In 1994, Joyce’s sister died. Jesse paid a shiva call. “I noticed that he was alone, and I asked my daughter to check his status,” says Joyce. “It turns out that we were both separated and we soon started to go out.”
Joyce lived in Manhattan and loved it. She loved going to the movies and the theater. He didn’t. Jesse lived in Westchester. He had retired from the shoe business. Joyce was – and is –working as a court stenographer.
“I love her vibrancy,” says Jesse. “She is both carefree and loving.
Joyce says: “I love his joie de vivre and he makes me laugh. I believe that’s key to a successful relationship.”
Joyce also appreciates Jesse’s sense of compassion for others, noting that he volunteers regularly at a center for rehabilitation. “Jesse thinks young,” she says.
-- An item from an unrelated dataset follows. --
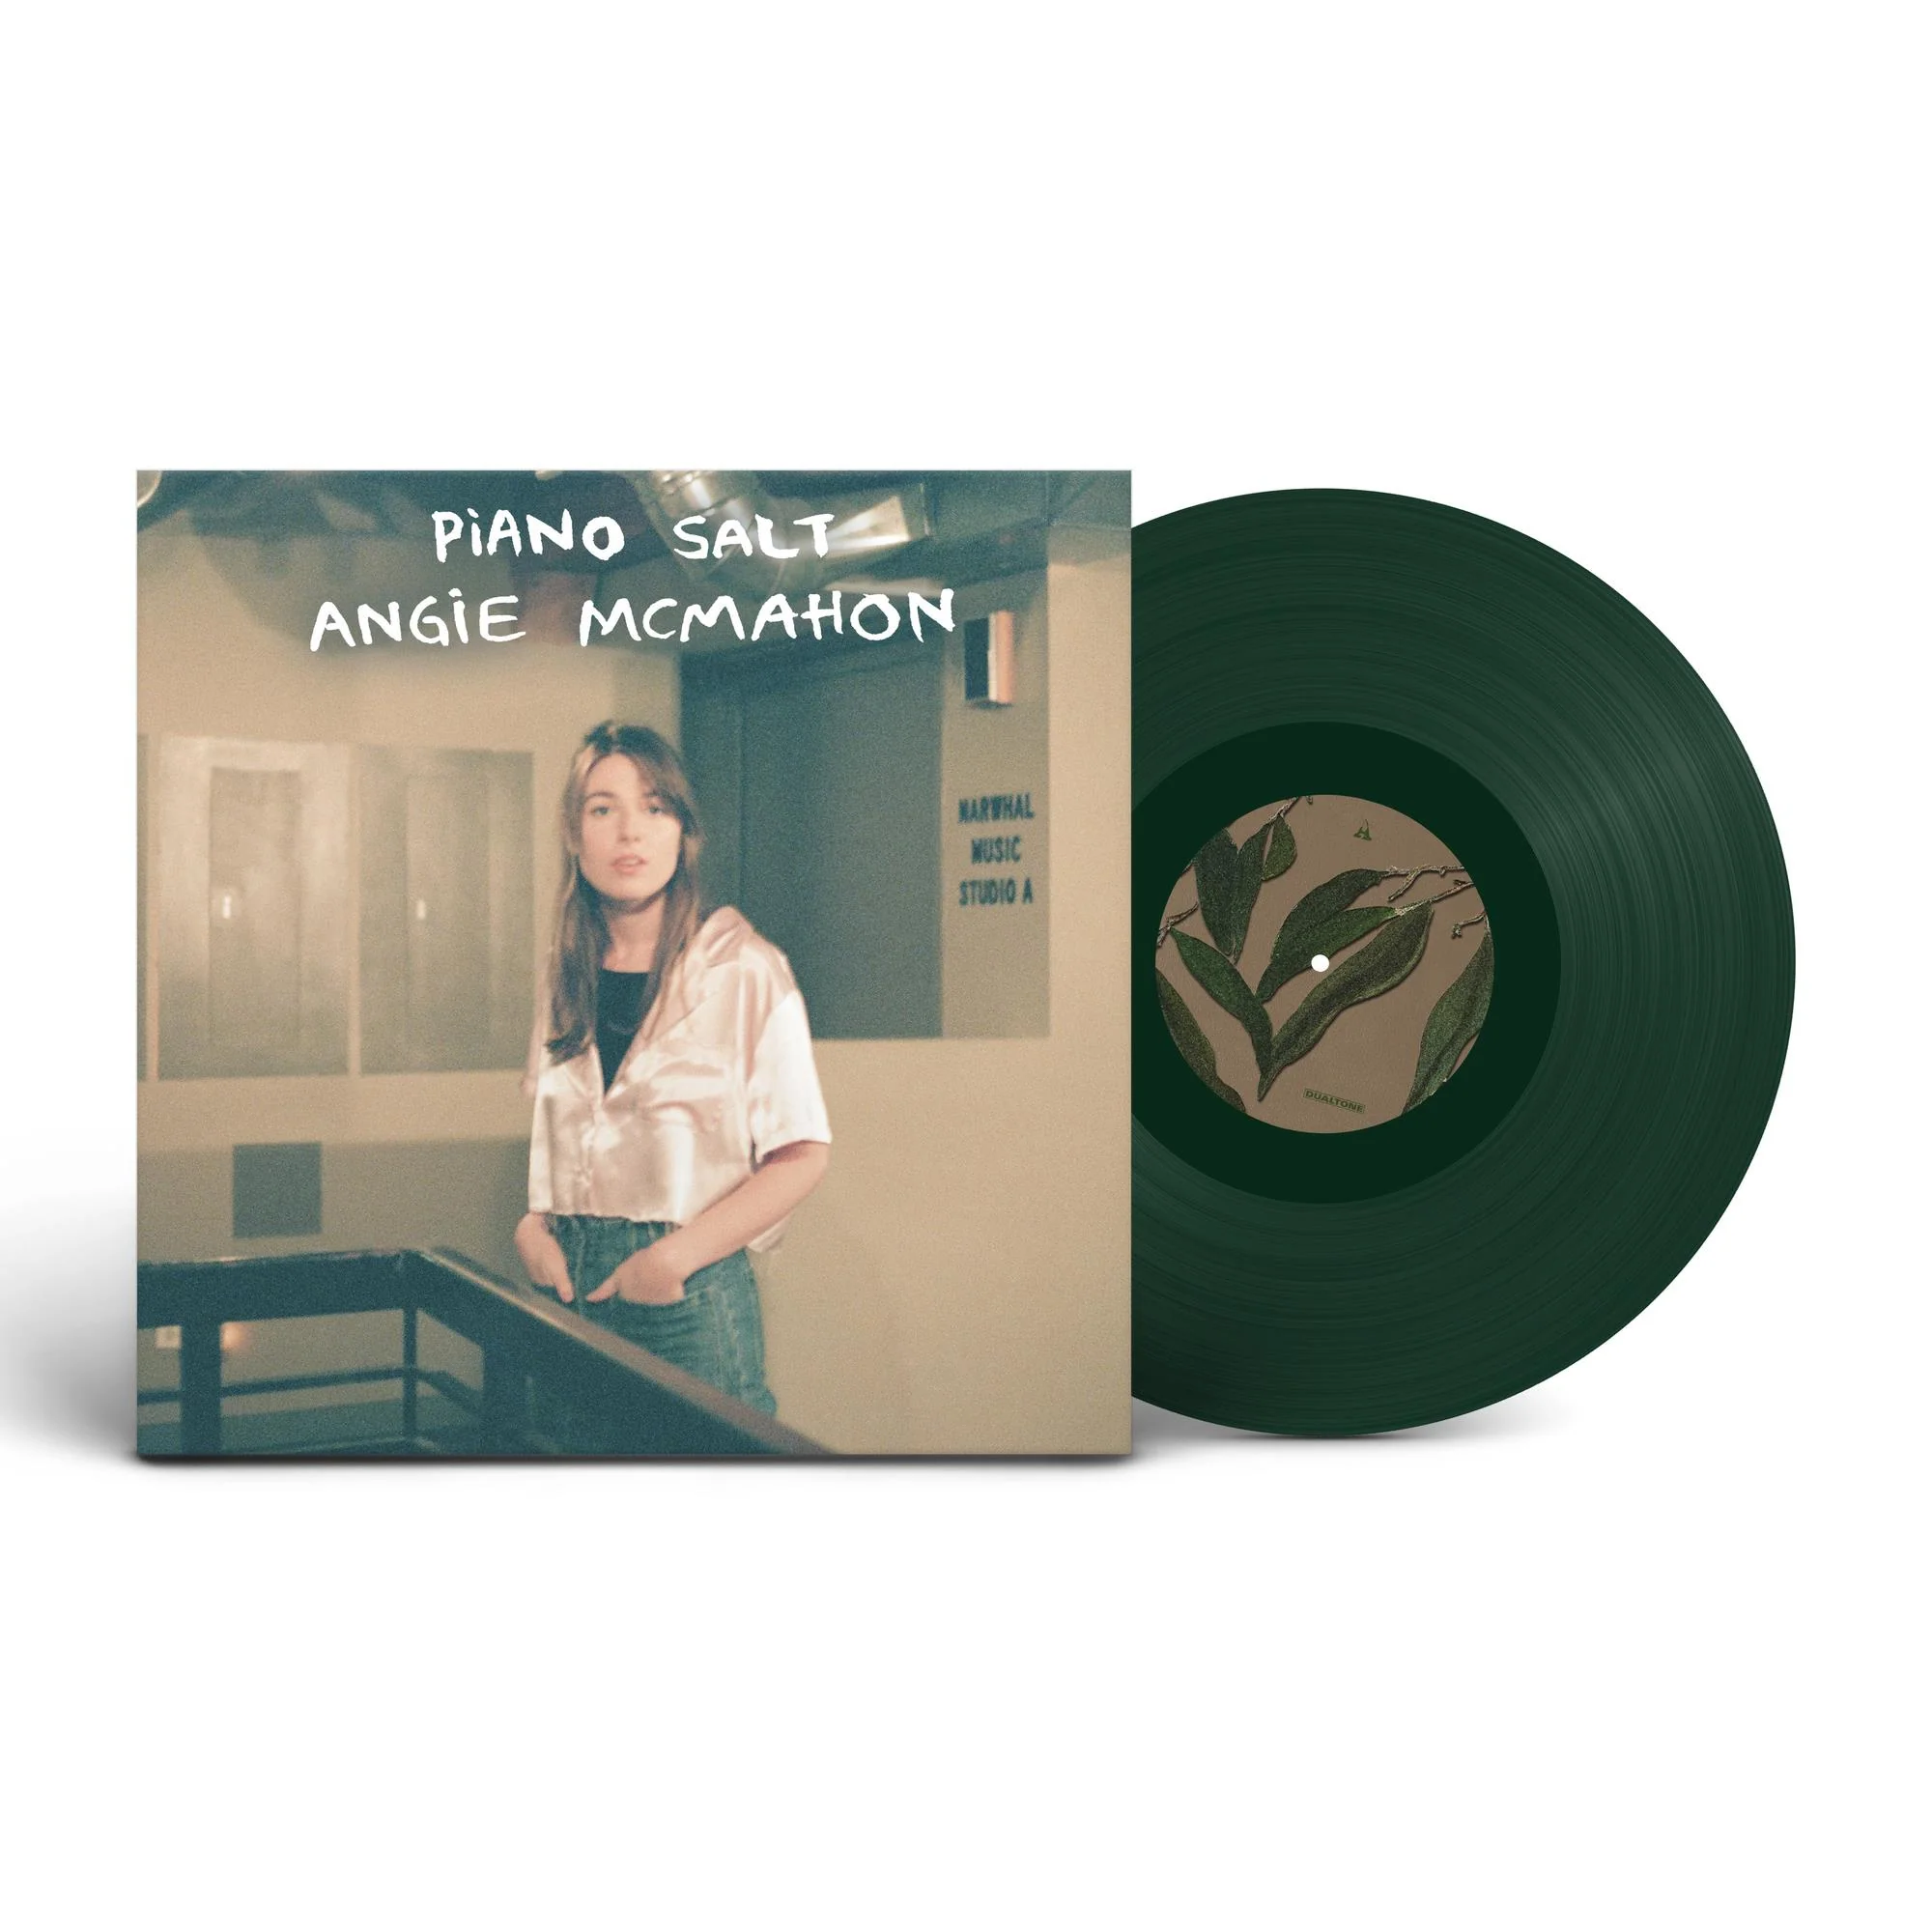 ANGIE MCMAHON - Piano Salt EP Vinyl

Jesse took the plunge and moved in with Joyce in her Manhattan apartment. “She opened my eyes to the wonders of the big city,” he says. He took the initiative again when they were visiting grandchildren in California and proposed in February 2011. She said yes. Joyce was 70, and Jesse was 80. Their grown-up children – now middle-aged themselves – had no problem with this.
“I believe in the institution of marriage,” says Jesse. “In fact, twice I’ve been a successful matchmaker. And I love Joyce. I’m so proud to have her my wife today.”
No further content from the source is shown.